The Test Procedures: First I selected 150 random, fine mode JPEG files taken with my Canon Rebel Digital SLR. These consumed 441MB of hard disk space according to the Windows File Explorer. Before testing, I disabled write-back caching on the computer's hard drive. I next shut down as many unnecessary background applications as I could. Windows disk indexing was also disabled. C-Cleaner was used to remove unnecessary files from the hard drive, then the hard drive was thoroughly defragged.

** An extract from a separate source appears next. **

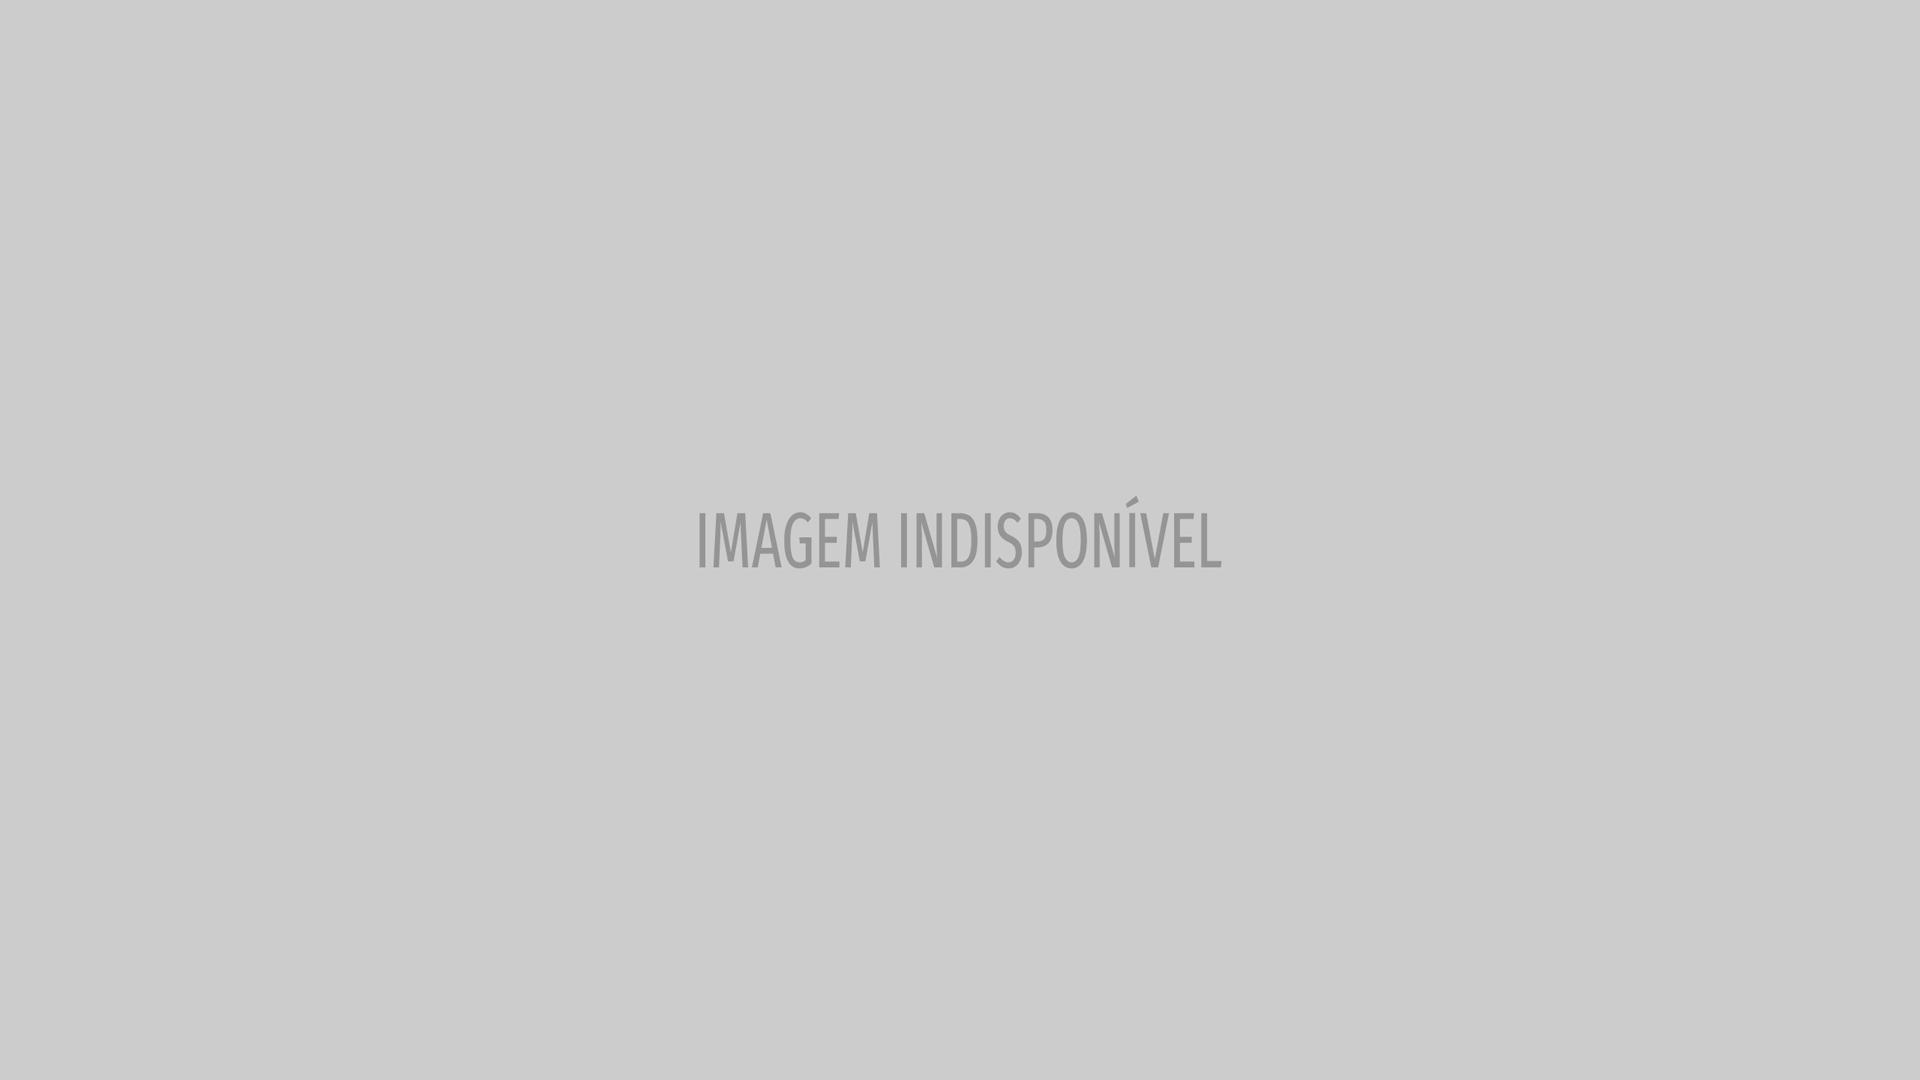 Músculos de Cavill atrapalharam o uso do figurino em 'The Witcher'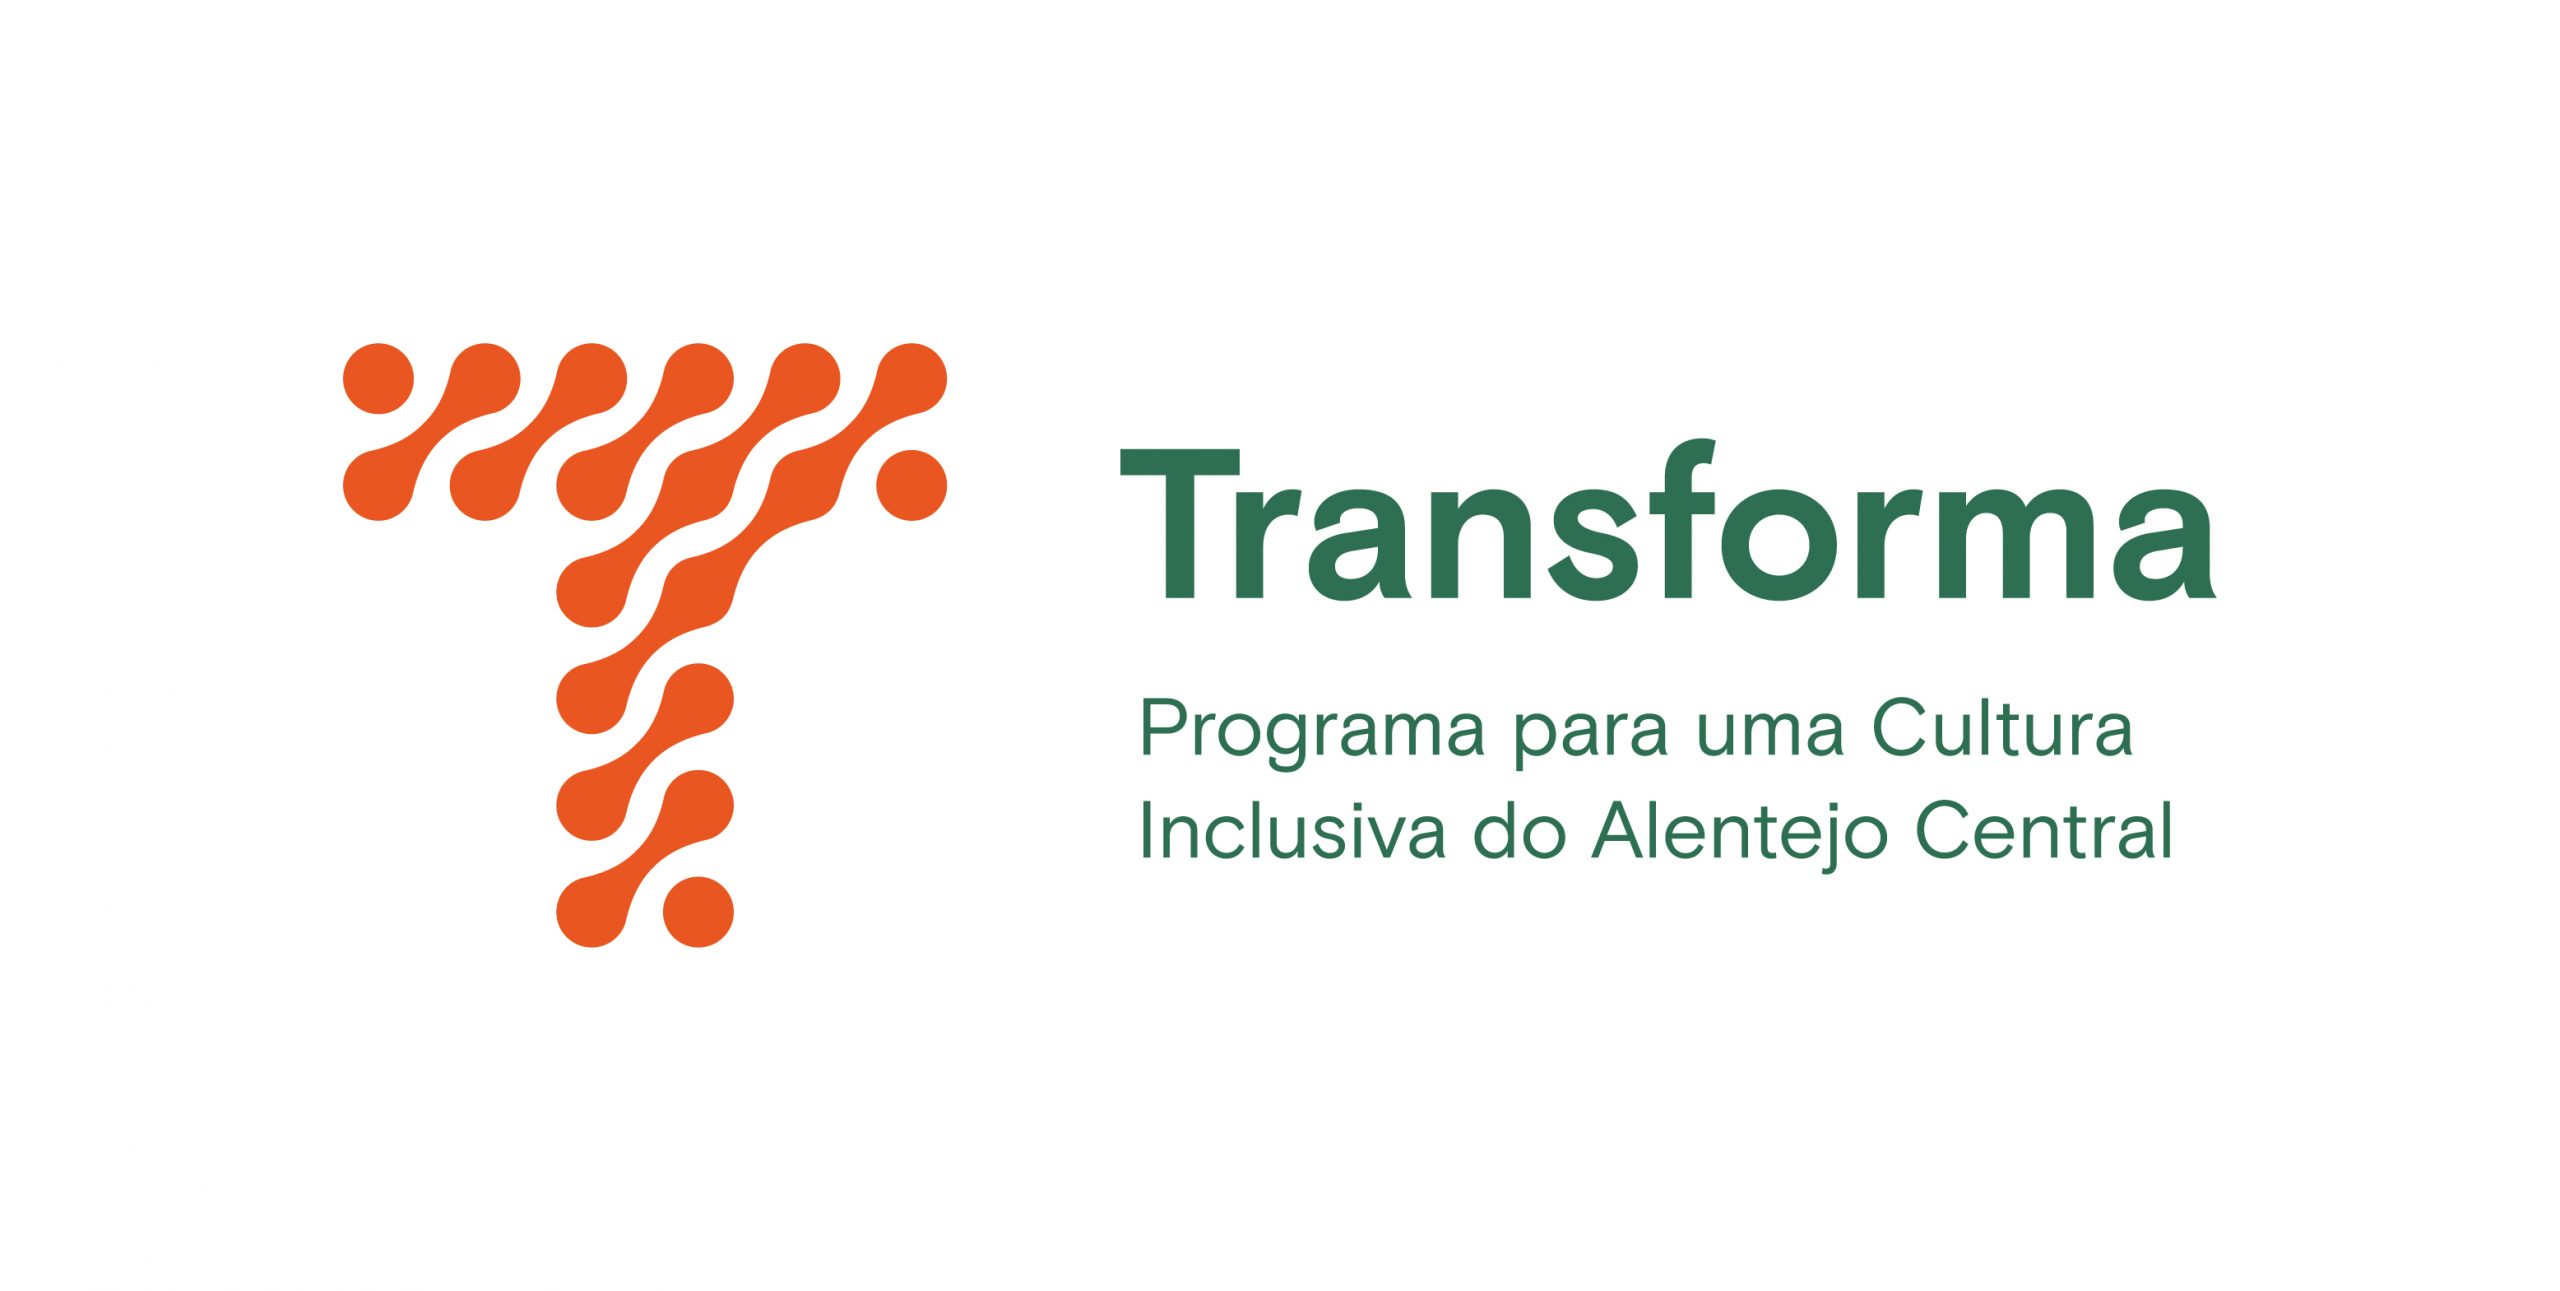 Transforma – Programa para uma Cultura Inclusiva do Alentejo Central, coordenado pela CIMAC

My benchmark testing consisted of opening a Windows 2000 file explorer window and copying the 150 image files from a hard disk folder to the flash card's root directory under test. I next copied the images from the flash card back to a C:\TEMP folder on my hard drive. The two copy sessions were both timed using a free stop watch program called Timer2. After selecting the files to be copied, I then dragged them to the target drive. As soon as I released the left mouse button, I started the timer. When Windows closed its copy window, I immediately stopped the timer and recorded the elasped time results. The timer was reset before each new test run. After a card was tested for both write and read back times, I closed out the explorer window. I then removed the flash card and inserted the next card to be tested. I then opened a new explorer window and repeated the process again until all eight cards had been tested in the three readers. The tests produced 48 separate timed results. If I got results that varied greatly from the mean average, then I repeated the tests and threw out any non-repeatable values. If the two tests were similar, then I averaged the results of the two readings. If they were still off, I re-ran the test a third time.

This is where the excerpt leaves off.